Module 3: DNA Databases and Sequence Queries


Major DNA databases

There are three major DNA databases spread across the globe, as part of the International Nucleotide Sequence Database Collaboration. They encompass all published (sometimes unpublished) sequence data arising from all sequencing endeavors around the planet. All three of them are interconnected thanks to the World Wide Web and exchange data daily. Most publications, covering any field of biological research, require that the authors of articles containing sequences submit their data to any one of these databases. The publications refer to the relevant sequence using a reference number (Accession number) generated by the database. This process makes it fairly simple and globally uniform for any researcher in the world to access the submitted sequence(s). It is worthwhile to mention, at this point, that all these databases have corresponding protein data banks related to the stored DNA (gene) sequences.
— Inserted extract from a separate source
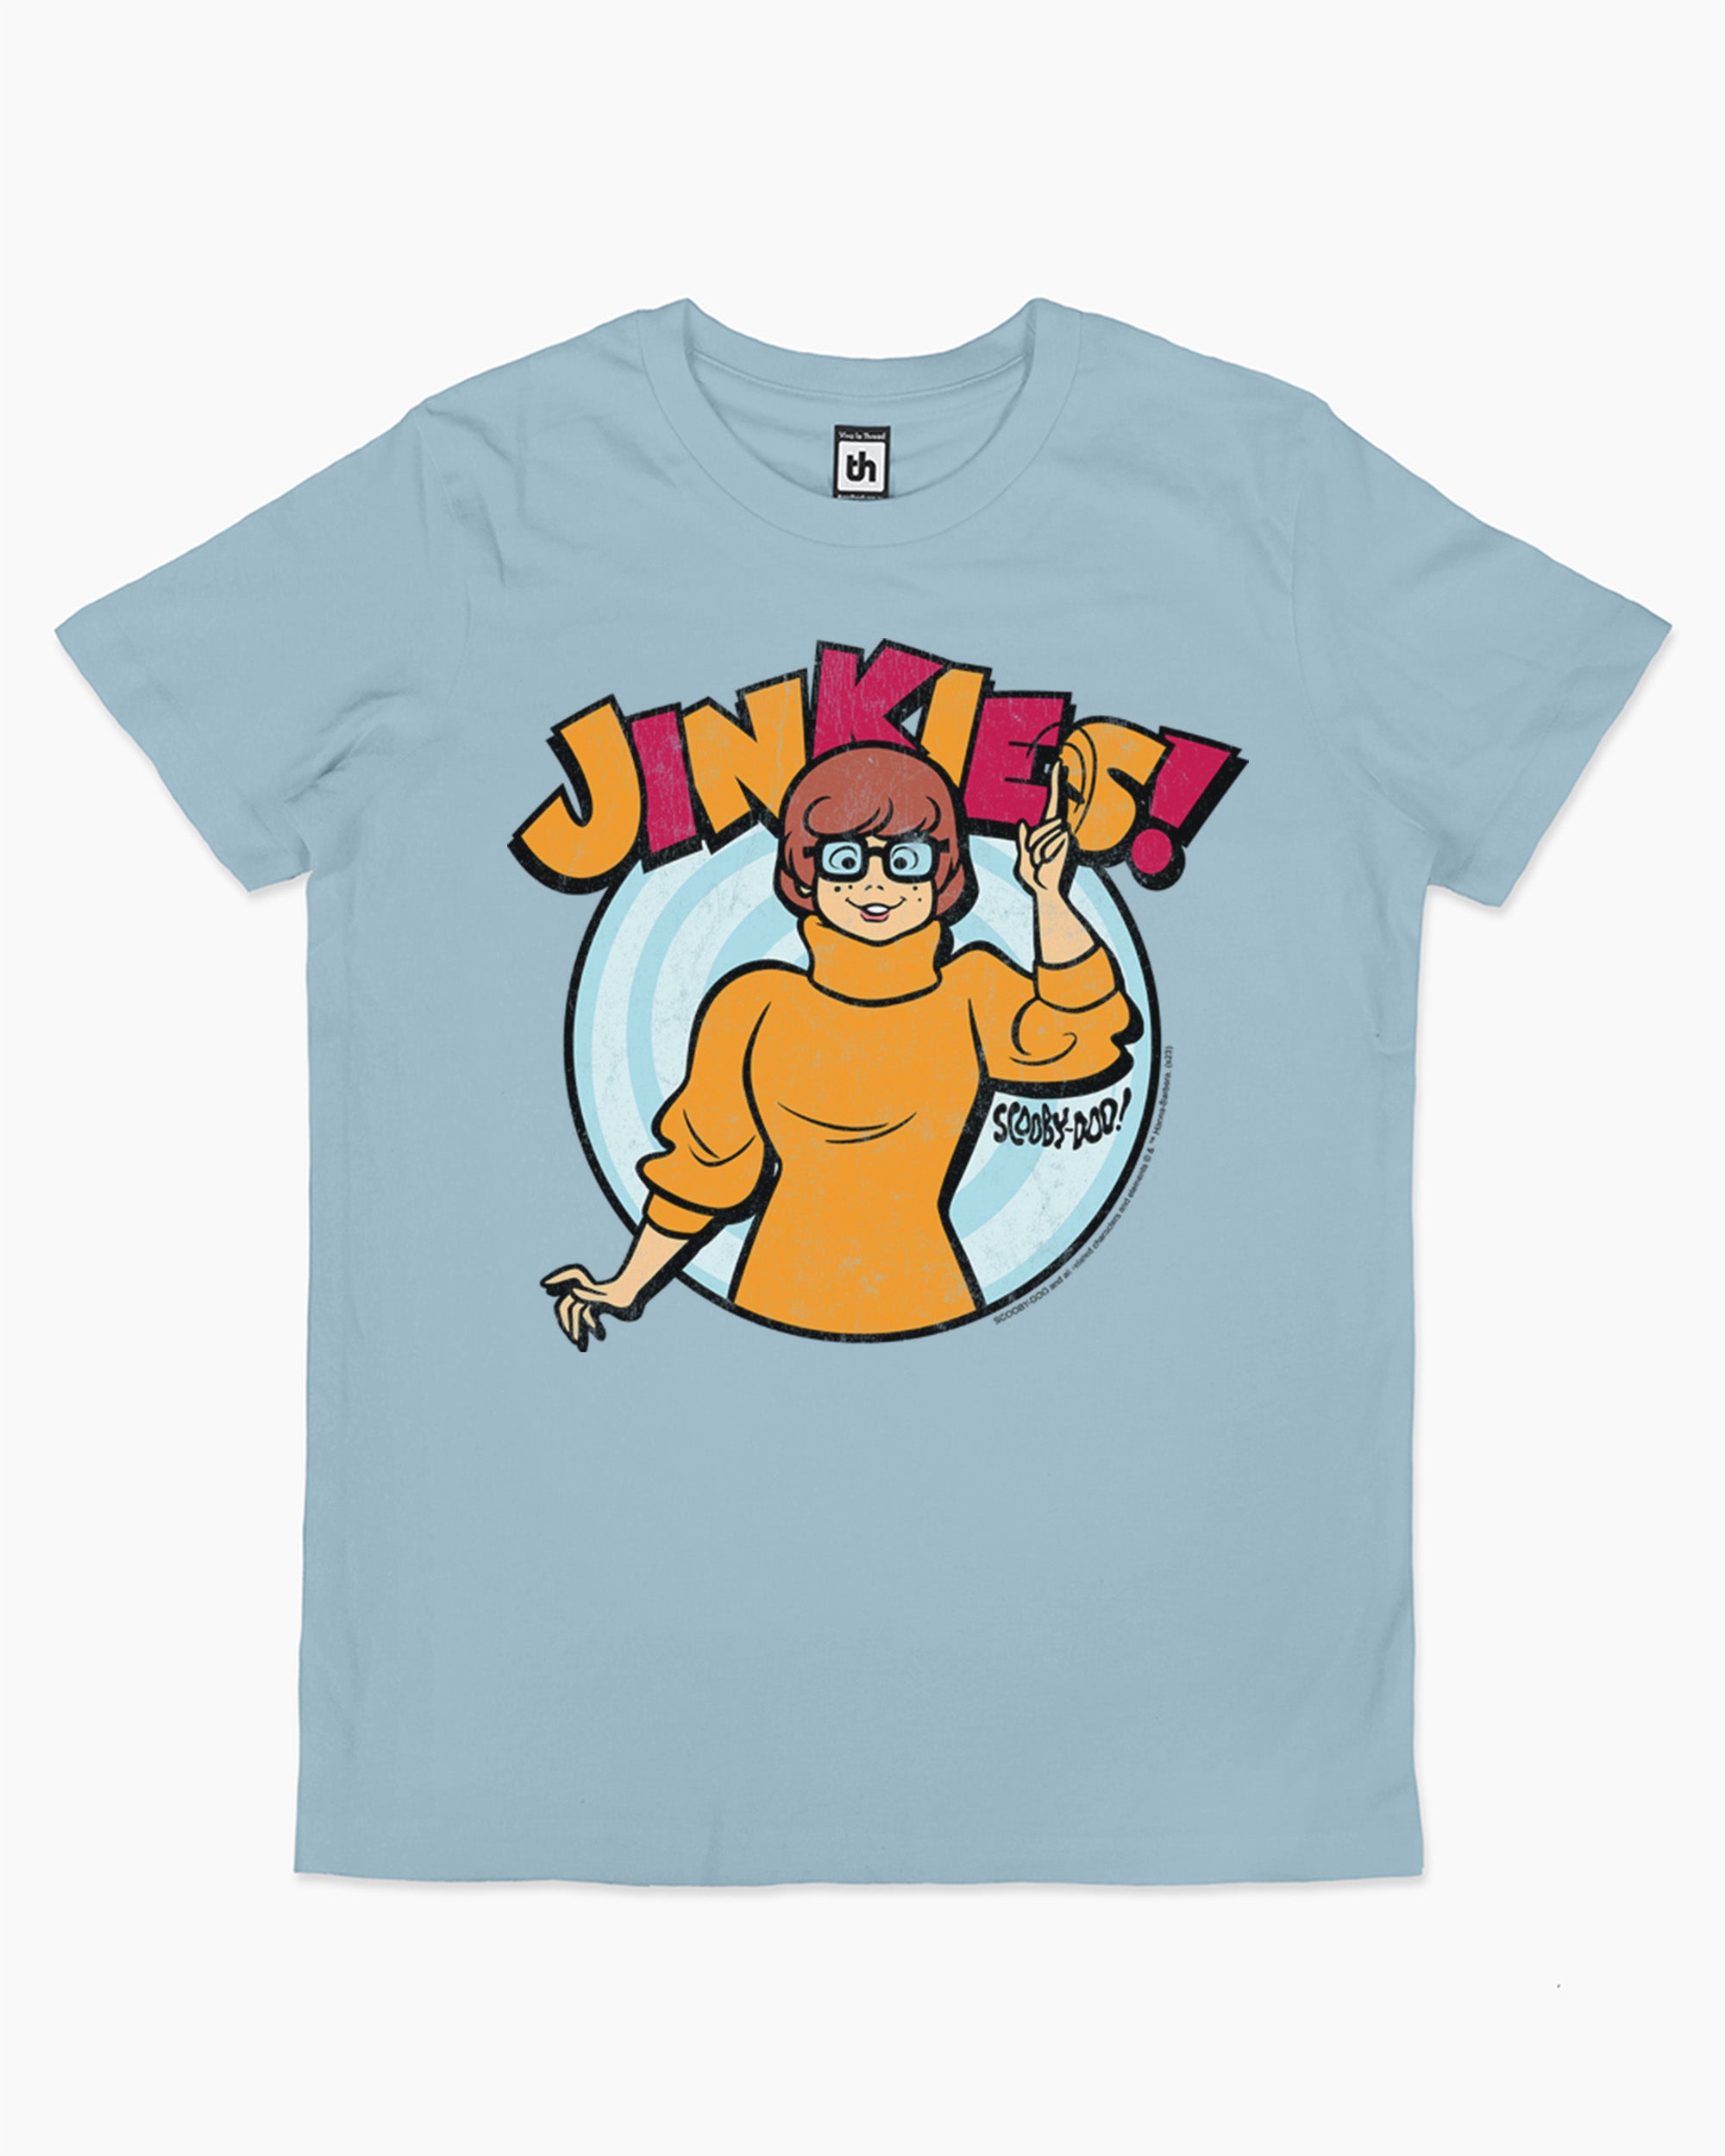 Jinkies Kids T-Shirt
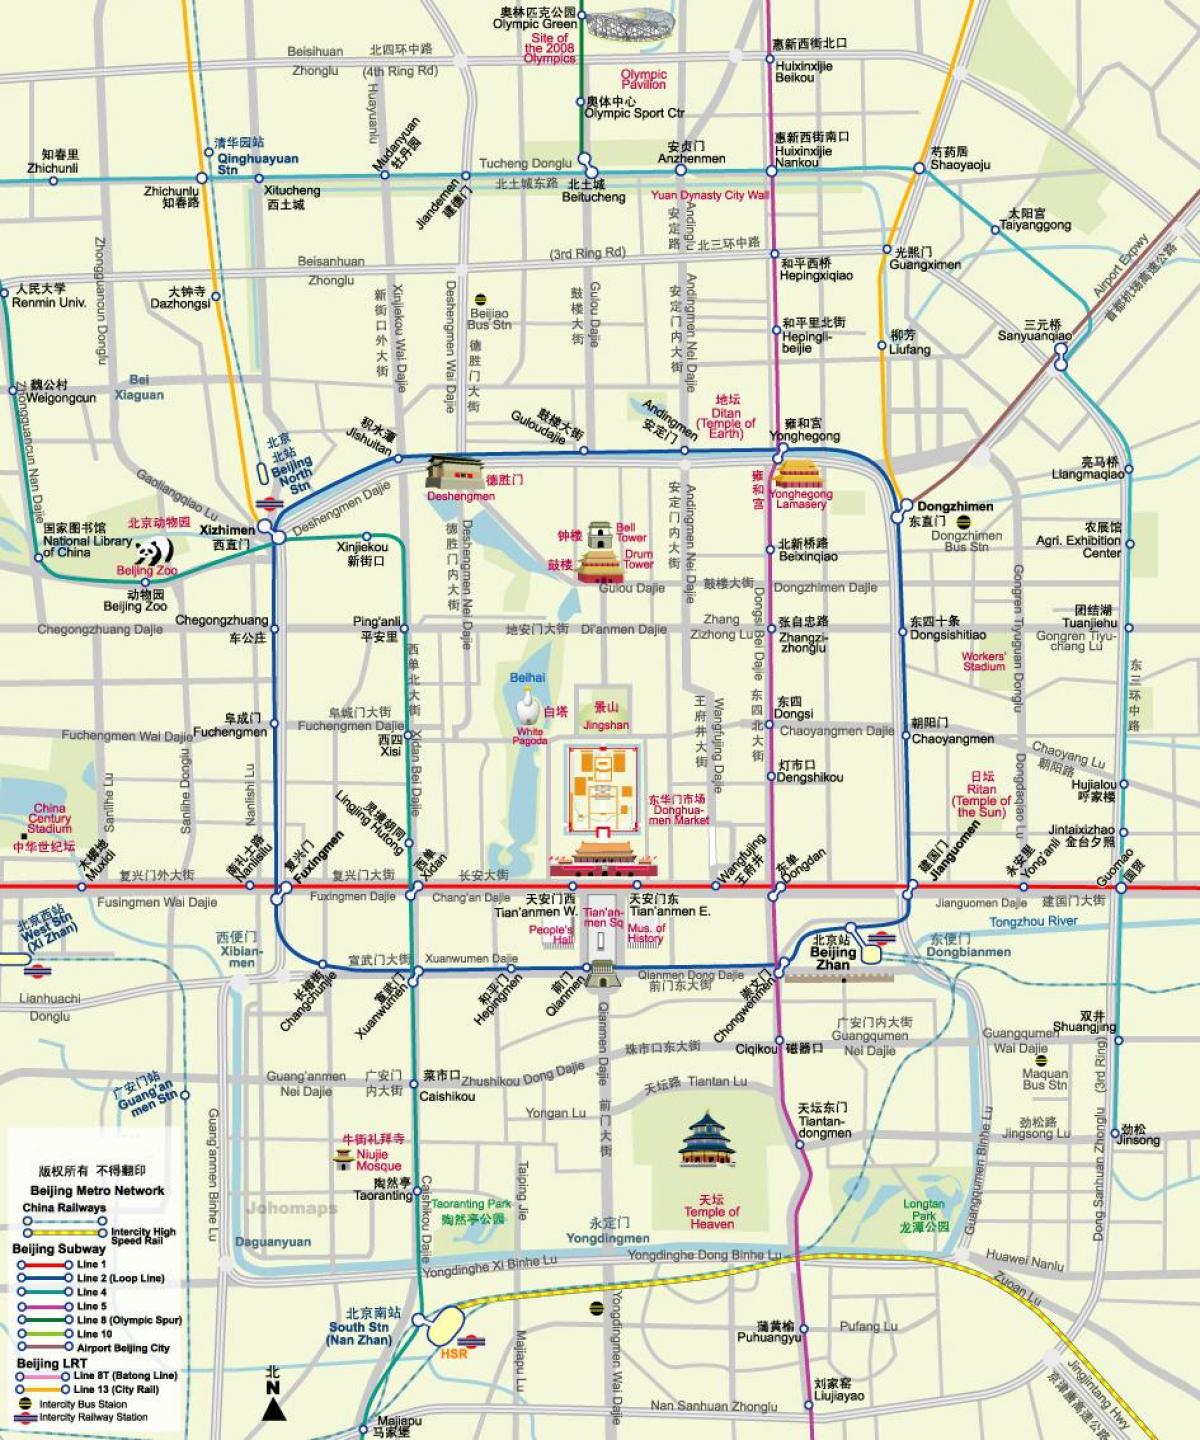 แผนที่ปักกิ่งมาถึงที่รถไฟใต้ดินแผนที่กับนักท่องเที่ยวหน่อย attractions

  • Genbank (USA): This database can be accessed from the National Center for Biotechnology Information (NCBI), which is a division of the National Library of Medicine, funded by the National Institutes of Health (NIH). As of August 2000, there are approximately 9.546 billion bases of sequence stored in this database in 8.214 million sequence records. Once every two months, the NCBI compiles all the available sequence entries and updates them as releases.
  • EMBL (Europe): The European site for storage of DNA sequences is at the European Bioinformatics Institute (EBI) of the European Molecular Biology Laboratory (EMBL) at Hinxton, United Kingdom.
  • DDBJ (Japan): The DNA Data Bank of Japan (DDBJ) is the third major location for storing DNA data in the world.